08 April 2021, 09:33 PM
Originally posted by _Alex_ View Post

The problem then becomes what to do with the underclocking when the occasional avx512 instruction comes up. Maybe the chip shouldn't even underclock if this happens for just a while and thus maintain full speed. Maybe it should start underclocking when real heavy avx512 utilization comes into place, not triggered by a few instructions or so.

There's some critical instruction density that triggers the down-clock, and I think there are at least 2 tiers of throttling. The problem seems to be that Skylake SP and Cascade Lake throttle down a lot more readily than they restore clocks back up. Changing clock frequency does have some overheads, so I can understand why they are a little lazy about it, otherwise it could potentially eat up as much performance as you'd regain from running at a higher frequency for a little while.

Originally posted by _Alex_ View Post

Or maybe the entire cpu architecture could get a serious IPC upgrade like 30-40% to keep clocks low and uniform among the vector and scalar unit, a la M1. It's doable but x86 improvements have been stalling for so long that even mobile chips went ahead in terms of IPC.

You touch on a good point, which is that this is one of the problems you run into, by trying to use a high-clocking, general-purpose CPU core to compete with low-clocking GPUs.
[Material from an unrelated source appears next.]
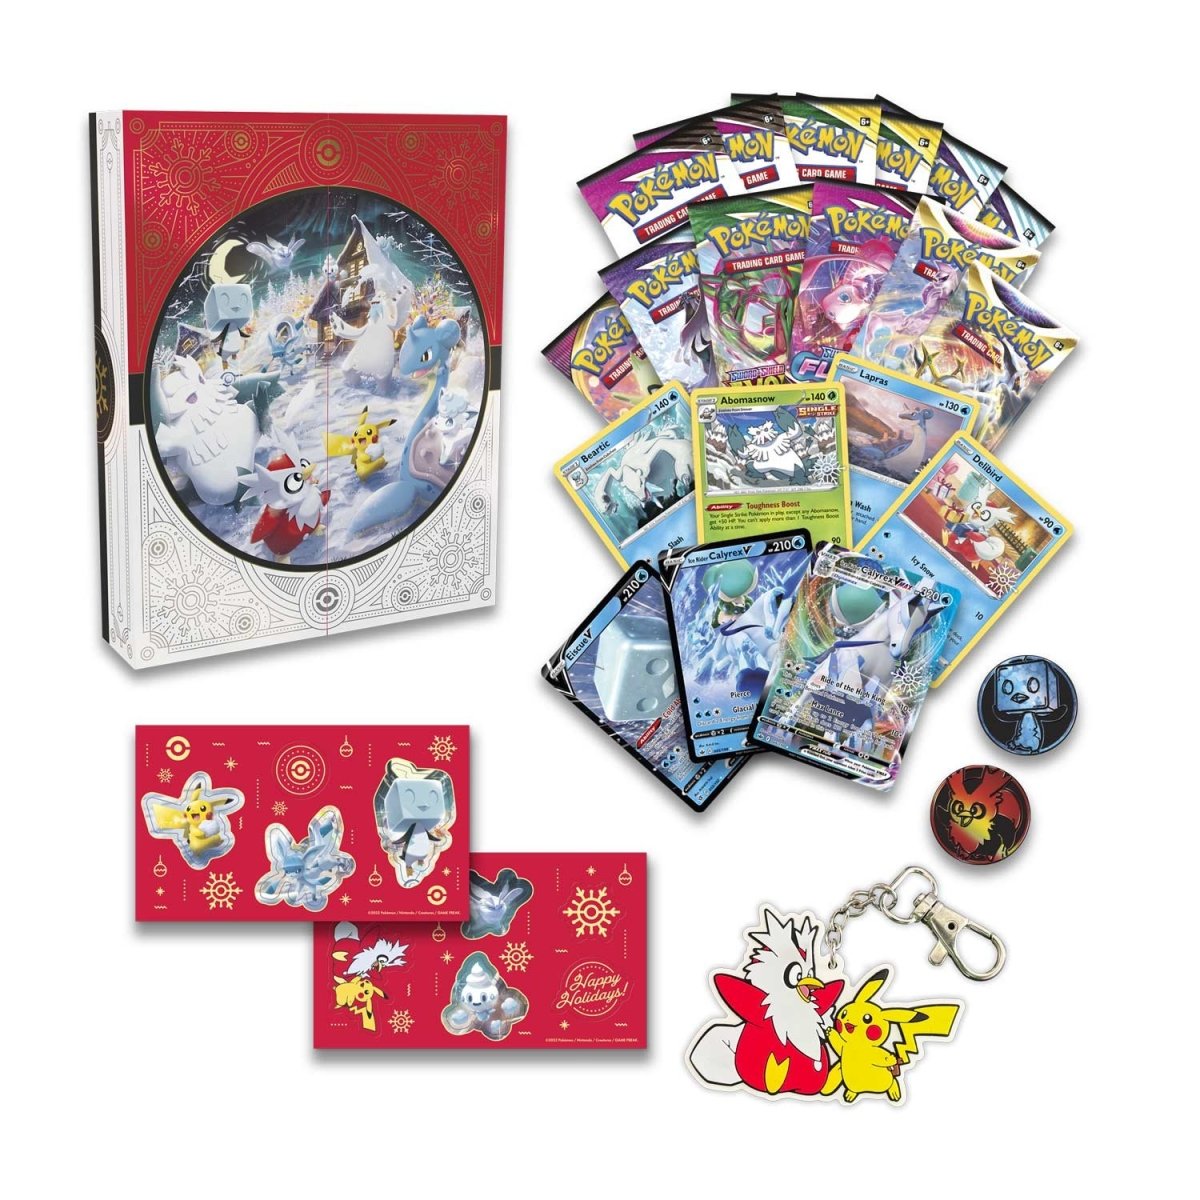 Pokémon TCG Holiday Calendar Officially Revealed! Beand New Type

GPUs are slow and wide for a reason -- because that's the best way to scale up performance. Intel seems to have missed that, when they thought they could just bolt-on AVX-512 to their 14 nm CPUs.
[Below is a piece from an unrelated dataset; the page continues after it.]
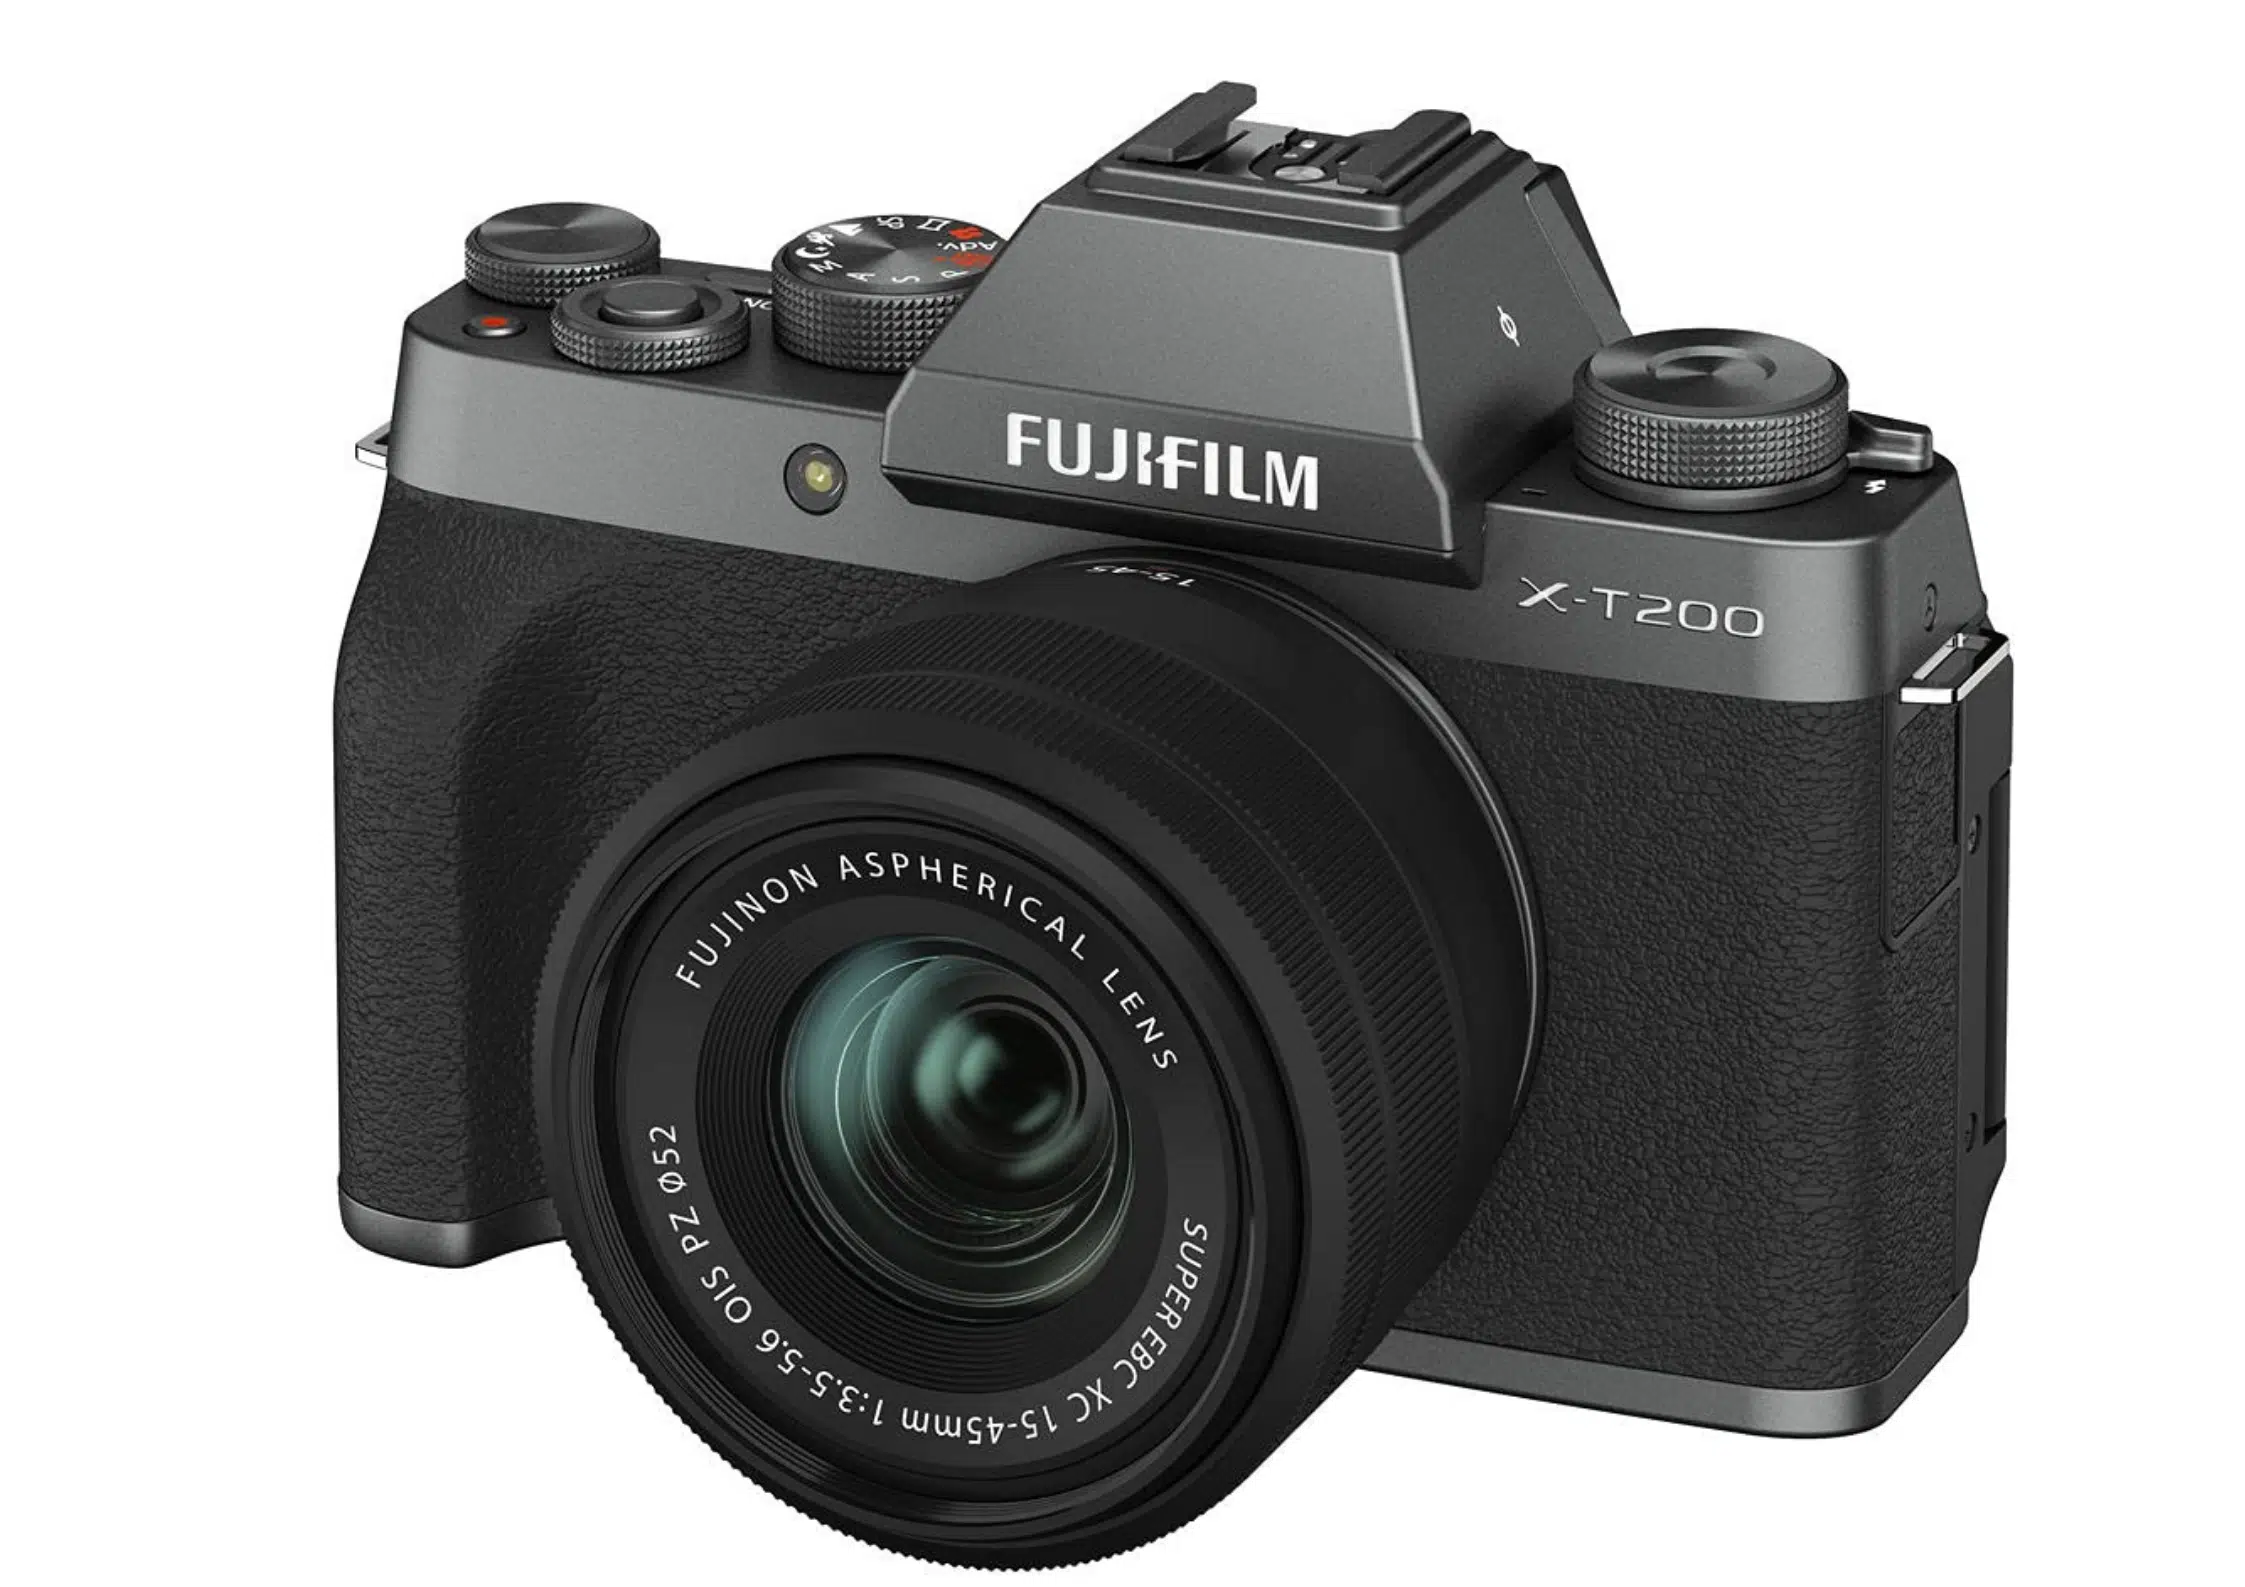 Fujifilm XT-200 - Best mirrorless camera for beginners

I think it's notable that Apple bypassed SVE, in their M1. However, since the SoC also has a dedicated NPU, ISP, and GPU, there wouldn't be much left for it to actually do. As for equaling the M1's IPC, this is complicated by the x86 ISA.

The only non-Intel example I know of, where a general-purpose CPU implemented 512-bit vector operations is Fujitsu's A64FX. It's both made on TSMC 7 nm and clocks only up to 2.2 GHz (or just 1.8 GHz, in HPE's air-cooled chassis that's available to the general public). But, it also has 48 of those cores. So, it's further confirmation that wide-and-slow is the way to go.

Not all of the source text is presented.